Wanted to visit Rohingya camps: Pope

Pope Francis

Pope Francis

DHAKA : Pope Francis on Saturday held his traditional in-flight press conference en route to Rome following his visit to Myanmar and Bangladesh, saying he had wanted to visit Rohingya camps in Bangladesh, reports UNB.

“I would have liked to go. I would have liked to go, but it wasn’t possible. The things are studied and it wasn’t possible for various factors, also the timing and the distance… but other factors as well,” he told reporters at the briefing.

Pope Francis, however, said the refugee camp came with a representation.

Apart from Rohingya people, nuclear arms, globalisation and future travel plans came up during the briefing, according to a text of the briefing shared by Vatican Radio.

Responding to a question, he said there were groups of terrorists there who sought to take advantage of the situation of the Rohingyas, who are a people of peace.

“This is like all the ethnicities, in all the religions there is always a fundamentalist group. We Catholics also have them. The military justify their intervention because of these groups,” Pope Francis said.

“I try not to speak with these people. I try to speak with the victims because the victims were the Rohingya people who on the one hand suffered that discrimination and on the other were defended by terrorists – and the government of Bangladesh has a very strong campaign, this is what I was told by ministers, of zero tolerance for terrorism not only for this, but to avoid other points.”

He said the first plan was to go to India and Bangladesh, but then the process to go to India was delayed and the time was pushing so he chose these two countries: Bangladesh and next door Myanmar.

Pope Francis flew back to Rome from Dhaka airport on Saturday afternoon, concluding his 21st foreign visit outside Italy that took him to Myanmar and Bangladesh.

The Pope was given an official farewell at Dhaka airport, where Foreign Minister AH Mahmood Aliwas present to see him take off on a Bangladesh Airlines aircraft on his flight back to Rome.

After his arrival in Dhaka on November 30, Pope Francis met the nation’s authorities, the diplomatic corps and civil society, and expressed appreciation for Bangladesh’s generosity and solidarity for Rohingya Muslims fleeing Myanmar.

He called on the international community to find a solution to the Rohingya crisis and help Bangladesh meet the emergency.

He also stressed that the name of God be never invoked to justify hatred and violence on others.

During an open-air Mass on Friday, the only papal Mass in this trip, the Pope ordained 17 new priests and reminded them of their call to serve Christ the teacher, priest, and shepherd and help build the people of God, the Church.

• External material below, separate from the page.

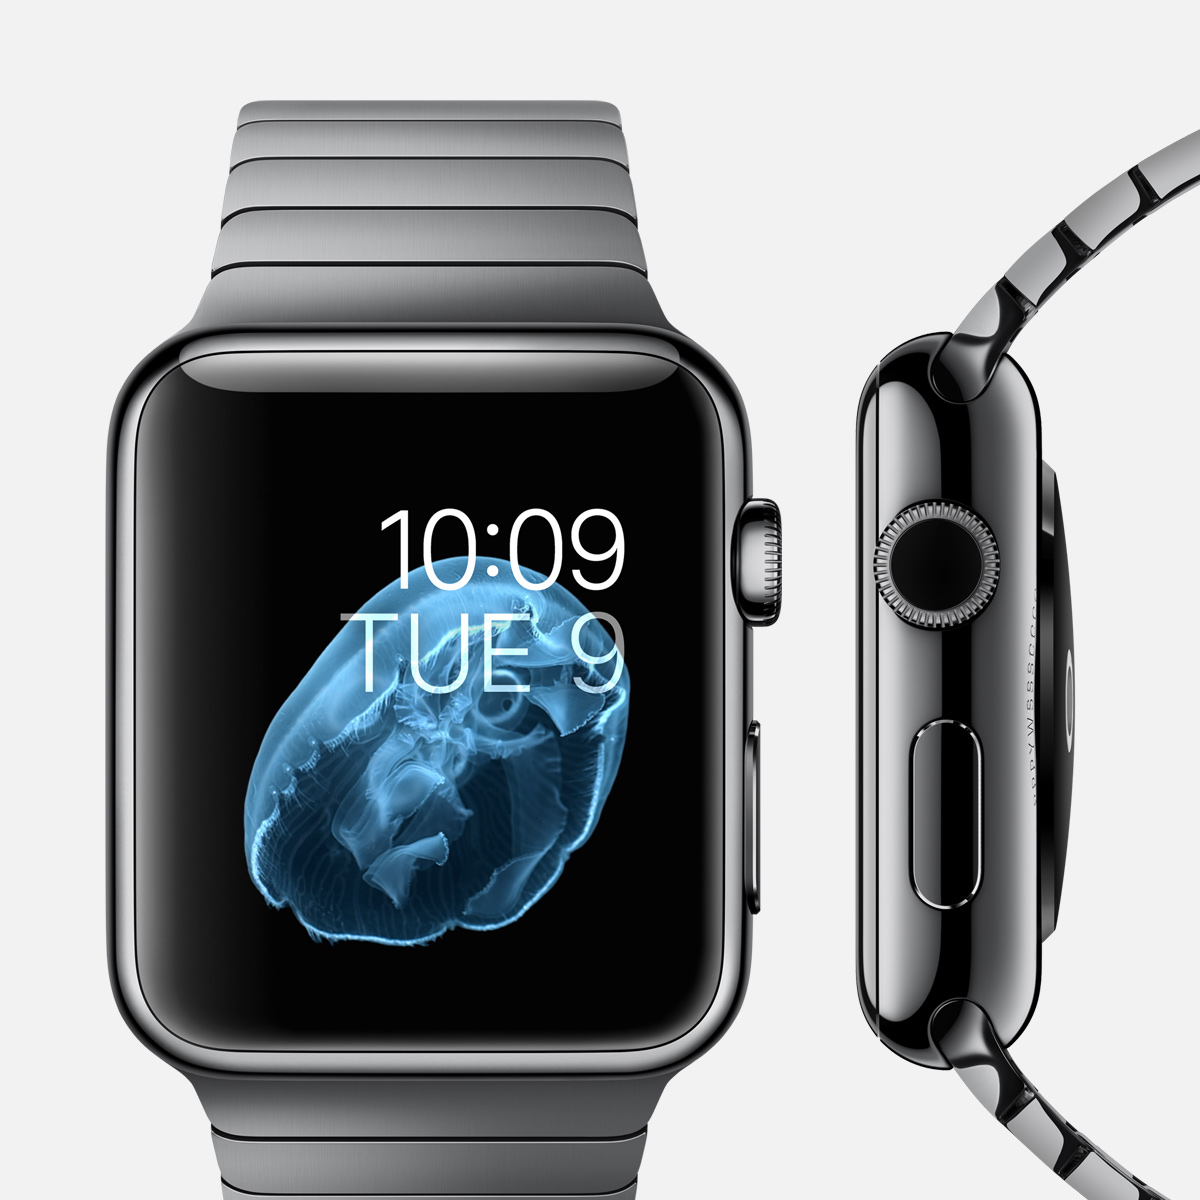 07909205-photo-apple-watch

But the highlight of the entire Myanmar-Bangladesh visit came on Friday evening in a deeply moving encounter with 16 Rohingya refugees from Myanmar who have sought shelter in Cox’s Bazar.

Grasping the hands of each of the 12 men, 2 women and 2 young girls, at the end of an interfaith and ecumenical meeting in the capital, the Pope intently listened to their stories of horror, suffering and pain.

“The presence of God today is also called ‘Rohingya,’ the Pope said, asking their forgiveness for all the hurt and indifference they have endured, and demanded their rights be recognised.

On Saturday, the last day of his three-day visit to Bangladesh, the Pope visited a home for orphans, unwed mothers and destitute elderly run by the nuns of Mother Teresa.

In off-hand remarks to the nuns and priests there he praised Bangladesh for having what he called some of the best inter-religious relations in the world.He later met priests, religious and seminarians.

His last meeting of the entire trip was with young Bangladeshis among whom were also Muslims and followers of other religions.

Speaking to them at the Notre Dame College of Dhaka, he urged the young people to reject the false promises of happiness and go out of their self-centeredness to foster an environment of harmony, reaching out to others.

Commending Bangladesh’s respect for the elderly, the Pope urged them to talk to their parents and grandparents, without playing with their phones the whole day, ignoring everything around them.